I had spat at them till my mouth was like an ash-pit; but there they burnt, corpse candles for the living who was worse than dead, mocking me with their four charmed flames. But mockery was nothing to me now. Nettleton had killed the nerve that mockery touches. When I shouted he gave me leave to go on till I was black in the face; nobody would hear me through the front of the house, and perhaps I remembered the heavy shutters he had made for the French windows at the time of the burglar scare? He went round to see if he could hear me through them, and he came back rubbing his hands. But now I took no more notice of his taunts. The last and cruellest was at the very flecks of blood on floor and shavings, flung far as froth in my demented efforts to tear either my foot from the trap or myself limb from limb… And I had only sworn at him in my terrible preoccupation.

"No, that's where you're going, old cock!" he had answered. "And by the way, Gillon, when you get there I wish you'd ask for your friend Delavoye's old man of the soil; tell him his mantle's descended on good shoulders, will you? Tell him he's not the only pebble on the shores of Styx!"

That gave me something else to think about towards the end; but I had no longer any doubt about the man's inveterate insanity. His pale eyes had rolled and lightened with unstable fires. There had been something inconsecutive even in his taunts. Consistent only in keeping out of my way, he had explained himself once when I was trying to picture the wrath to come upon him, in the felon's dock, in the condemned cell, on the drop itself. It was only fools who looked forward or back, said Edgar Nettleton.

And I, who have done a little of both all my life, like most ordinary mortals, as I look back to the hour which I had every reason to recognise as my last on earth, the one redeeming memory is that of the complete calm which did ultimately oust my undignified despair. It may have been in answer to the prayers I uttered in the end instead of curses; that is more than man can say. I only know that I was not merely calm at the last, but immensely interested in what Nettleton would have called the winning candle. It burnt down to the last thin disk of grease, shining like a worn florin in the jungle of shavings that seemed to lean upon the flame and yet did not catch. Then the wick fell over, the last quarter-inch of it, and I thought that candle had done its worst. Head and heart almost burst with hope. No! the agony was not to be prolonged to the next candle, or the next but one. The very end of the first wick had done the business in falling over. I had forgotten that strong smell and the pools now drying on the floor.

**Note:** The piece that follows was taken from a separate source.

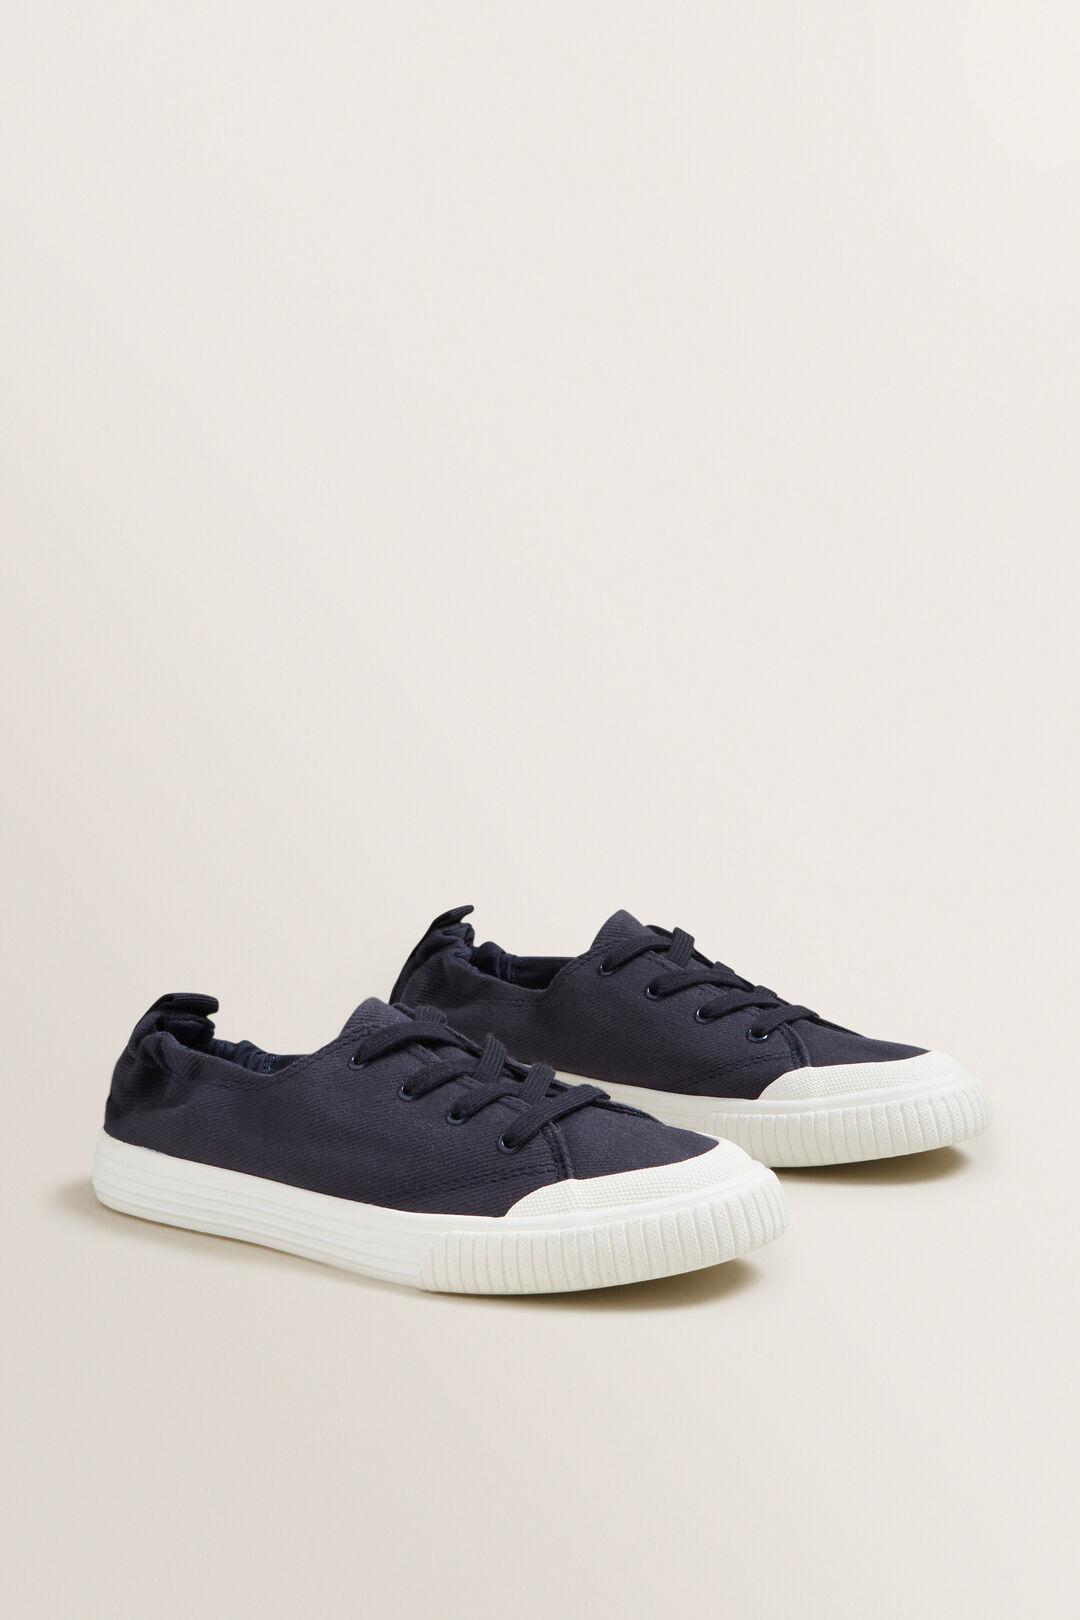 Sienna Canvas Slip-On Sneaker  NAVY  hi-res

It began in a thin blue spoonful of flame, that scooped up the worn grease coin, grew into a saucerful of violet edged with orange, and in ten or twenty seconds had the whole jungle of shavings in a blaze. But it was a violet blaze. It was not like ordinary fire. It was more like the thin blue waves that washed over the rocks of white asbestos in so many of our tenants' grates. And like a wave it passed over the surface of the floor, without eating into the wood.

There were no hangings in the room. The incendiary had relied entirely on his woodwork, and within a minute the floor was a sea of violet flames with red crests. There was one island. I had stooped after Nettleton left me for the last time, and swept the shavings clear of me on all sides, garnering as many as possible into the hole in the floor where the trap had been set, and drying the floor within reach as well as I could with the bare hand. There was this island, perhaps the size of a hearth-rug; and I cannot say that I was ever any hotter than I should have been on such a rug before a roaring fire.